The silver halide photographic light-sensitive material of the present invention comprises:
By containing at least two silver halide emulsions having different addition concentrations of the nitrogen-containing heterocyclic compound in the spectrally sensitized silver halide emulsion layer on the support, a conventional high pH developer can be obtained. Even without using it, it is possible to obtain a very hard and high blackening density. The light-sensitive material of the present invention has an excellent effect that the sensitivity is stable even when the emulsion mixing and dissolving time is lengthened in the production thereof with high sensitivity and little residual color.

Claims (4)

[Claims] 1. A support comprising at least one spectrally sensitized light-sensitive silver halide emulsion layer on a support, wherein the silver halide emulsion layer contains at least one kind of compound capable of forming a complex with silver. At least two different concentrations of the nitrogen heterocyclic compound
And at least one hydrazine derivative as a nucleating agent and an amine derivative, onium salt, disulfide derivative or hydroxy as a nucleating agent in the emulsion layer or another hydrophilic colloid layer. A silver halide photographic material comprising at least one methyl derivative. 2. The silver halide photographic material according to claim 1, wherein the hydrazine derivative is represented by the following general formula (N). Embedded image (Wherein, R ₂₀ represents an aliphatic group, an aromatic group, or a heterocyclic group, R ₁₀ represents a hydrogen atom or a block group, and G ₁₀ represents —CO—, —COCO—, —C (＝ S) —. , -SO ₂
-, - SO -, - PO (R 30) - (R 30 has the same meaning as R _10, R ₁₀ may be the same or different and.) Represents or iminomethylene group. A ₁₀ and A ₂₀ both represent a hydrogen atom, or one represents a hydrogen atom and the other represents a substituted or unsubstituted alkylsulfonyl group, a substituted or unsubstituted arylsulfonyl group, or a substituted or unsubstituted acyl group. ) 3. The nucleation accelerator according to the following general formula (A-
The silver halide according to claim 1 or 2, wherein the silver halide is at least one selected from the group consisting of 1), general formula (A-2), general formula (A-3) and general formula (A-4). Photosensitive material. Embedded image (In the formula, R ₄ , R ₅ , and R ₆ represent an alkyl group, a cycloalkyl group, an aralkyl group, an aryl group, an alkenyl group, a cycloalkenyl group, an alkynyl group, or a heterocyclic group.

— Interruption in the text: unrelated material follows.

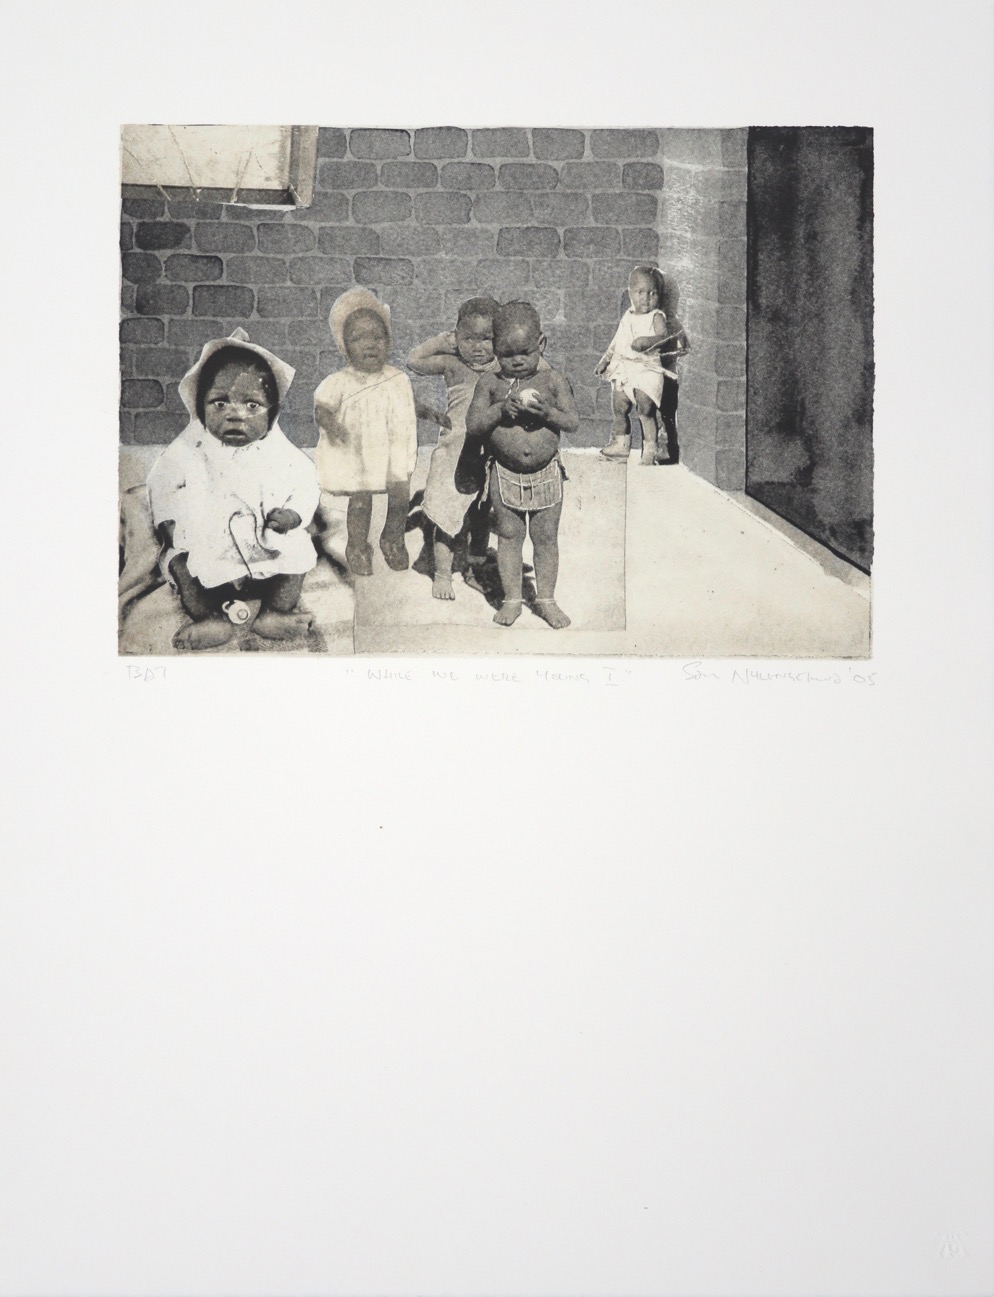 Collaged image of five babies and toddlers inside brick walled yard

Q represents a nitrogen atom or a phosphorus atom. L represents an m-valent organic group bonded to Q ⁺ and its carbon atom, and m represents an integer of 1 to 4. X ^n- represents an n-valent counter anion, and n represents an integer of 1 to 3. A ₁ , A ₂ , A ₃ , A ₄ and Z each represent an organic residue for completing a substituted or unsubstituted unsaturated hetero ring containing a quaternized nitrogen atom.
B and C represent a divalent linking group. R ₁ and R ₂ represent an alkyl group, and R ₃ represents an alkyl group or an aralkyl group. However, when R _{1 to} R ₆ , A _{1 to} A ₄ , Z, B, C or L have an anionic group as a substituent thereof, the unsaturated heterocyclic ring containing a Q ⁺ or quaternized nitrogen atom and a molecule When forming an inner salt, X ^n- is not required. ) 4. The silver halide photographic material according to claim 1, wherein at least two kinds of silver halide emulsions have different average grain sizes.